WHAT YOU SHOULD DO = Below are some entries. Transcribe the lines from the one holding "Preliminary Chart of" to the one holding "Winking monkey icon.", inclusive, but not the pictures among them.
──────── MATERIAL SHOWN ────────
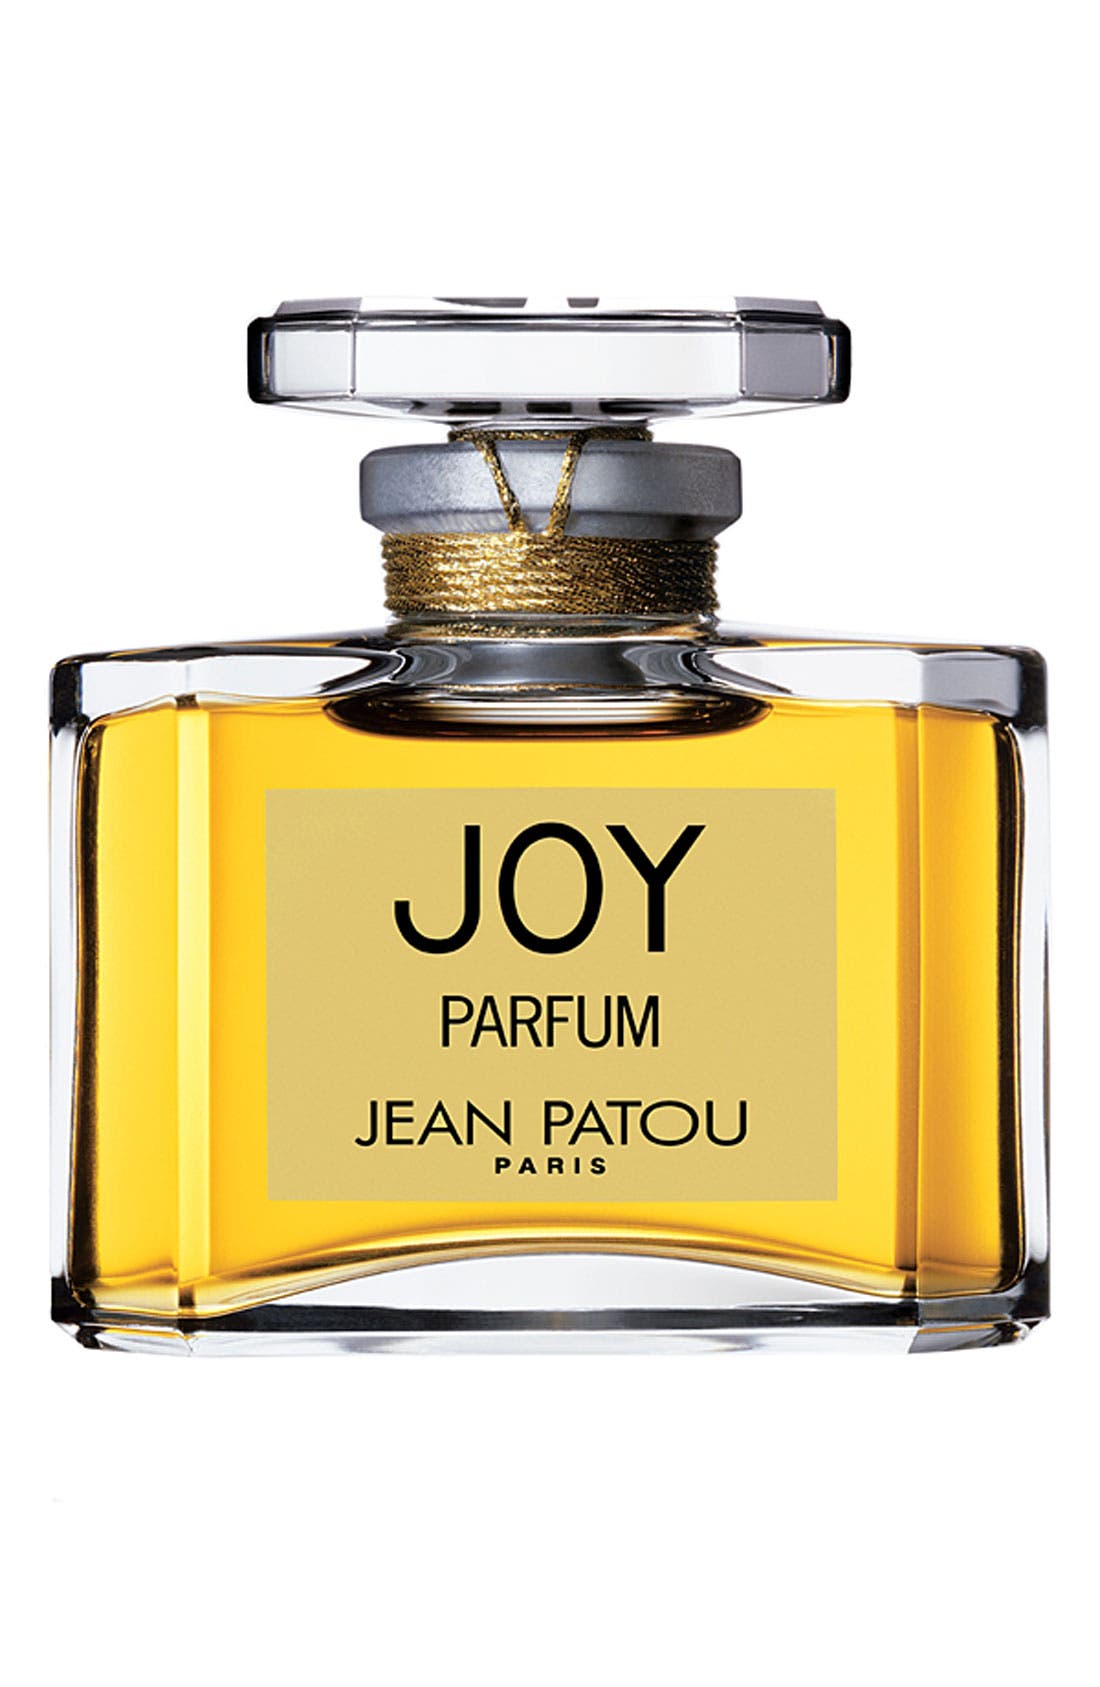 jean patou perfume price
────────
──────── MATERIAL SHOWN ────────
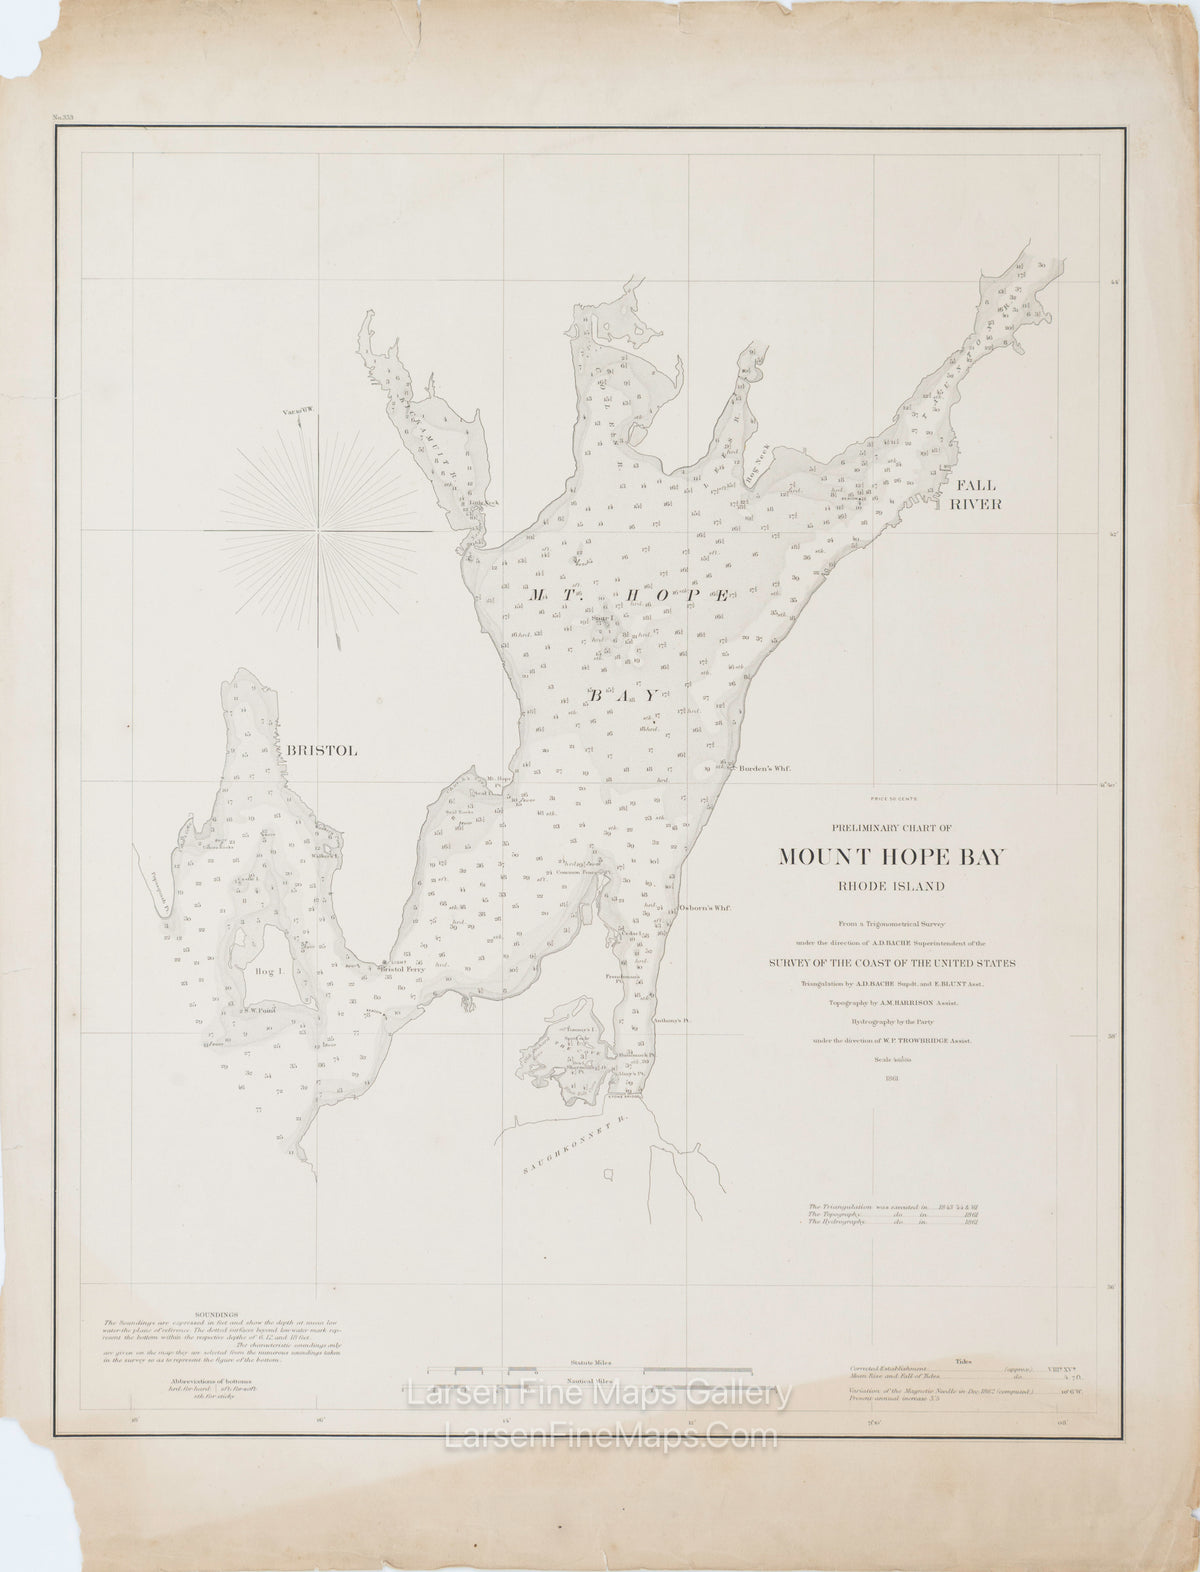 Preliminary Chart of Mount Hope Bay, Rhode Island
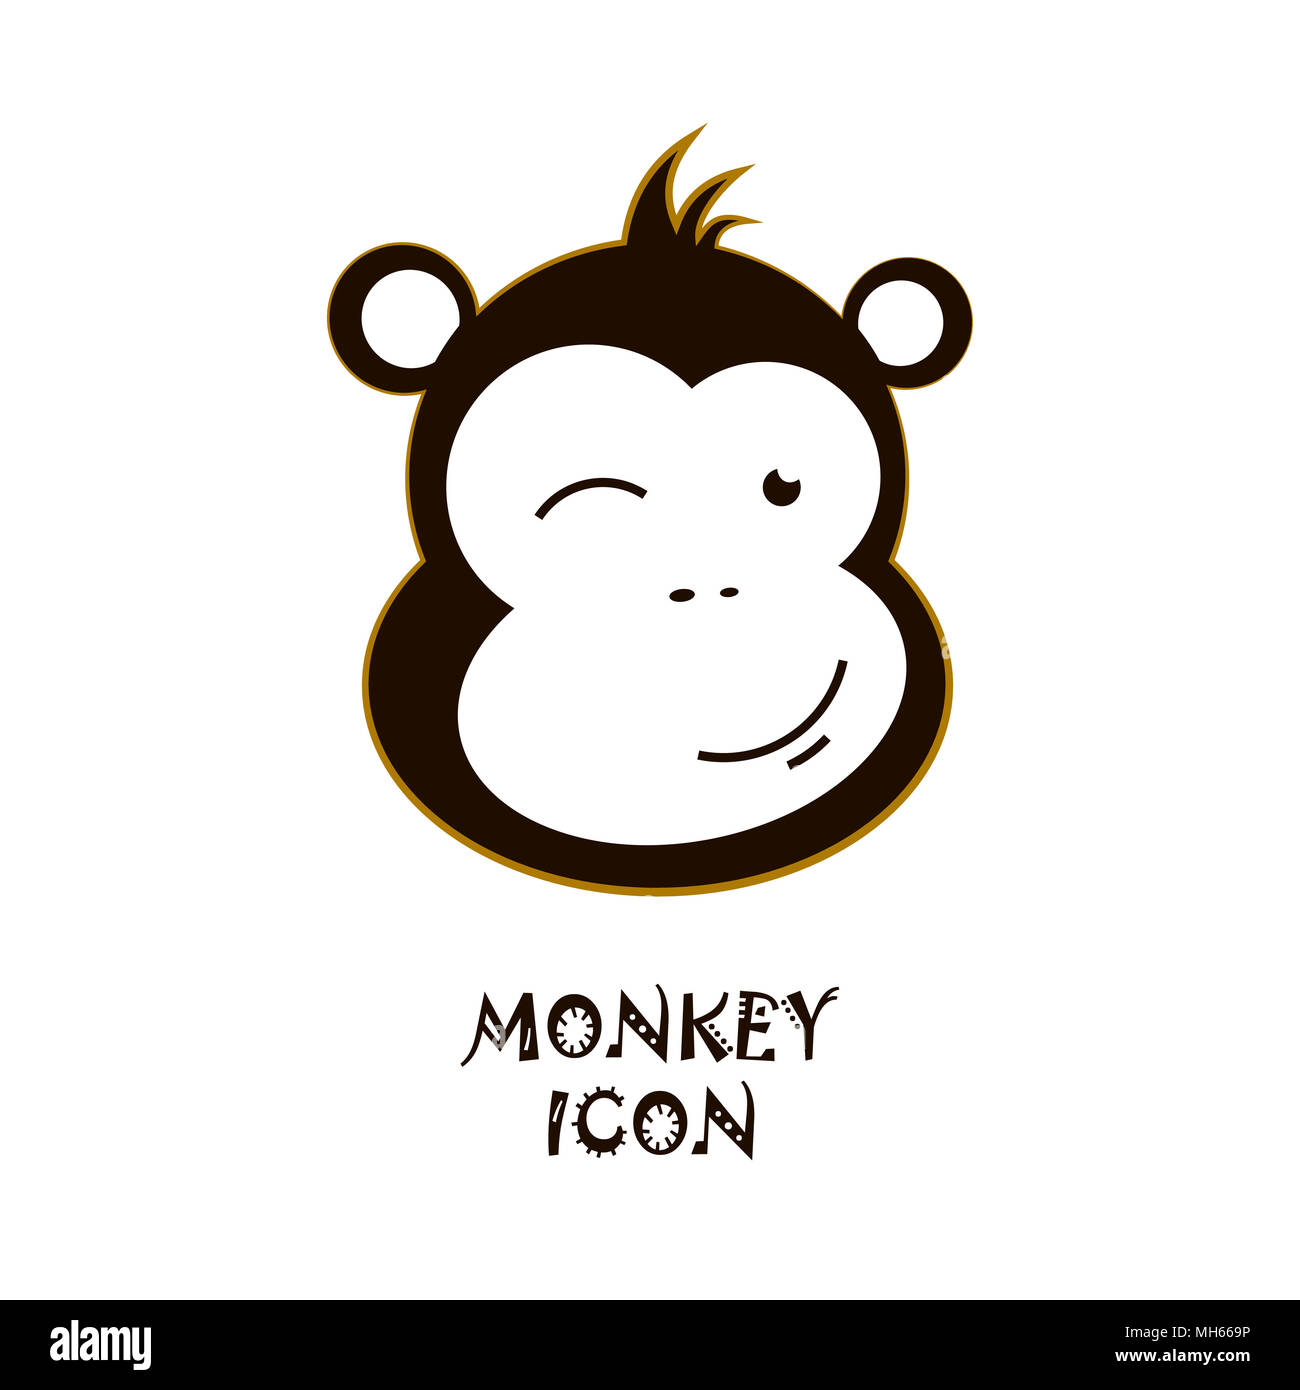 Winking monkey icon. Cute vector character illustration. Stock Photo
────────
FINISHED EXERCISE =
 Preliminary Chart of Mount Hope Bay, Rhode Island
 Winking monkey icon. Cute vector character illustration. Stock Photo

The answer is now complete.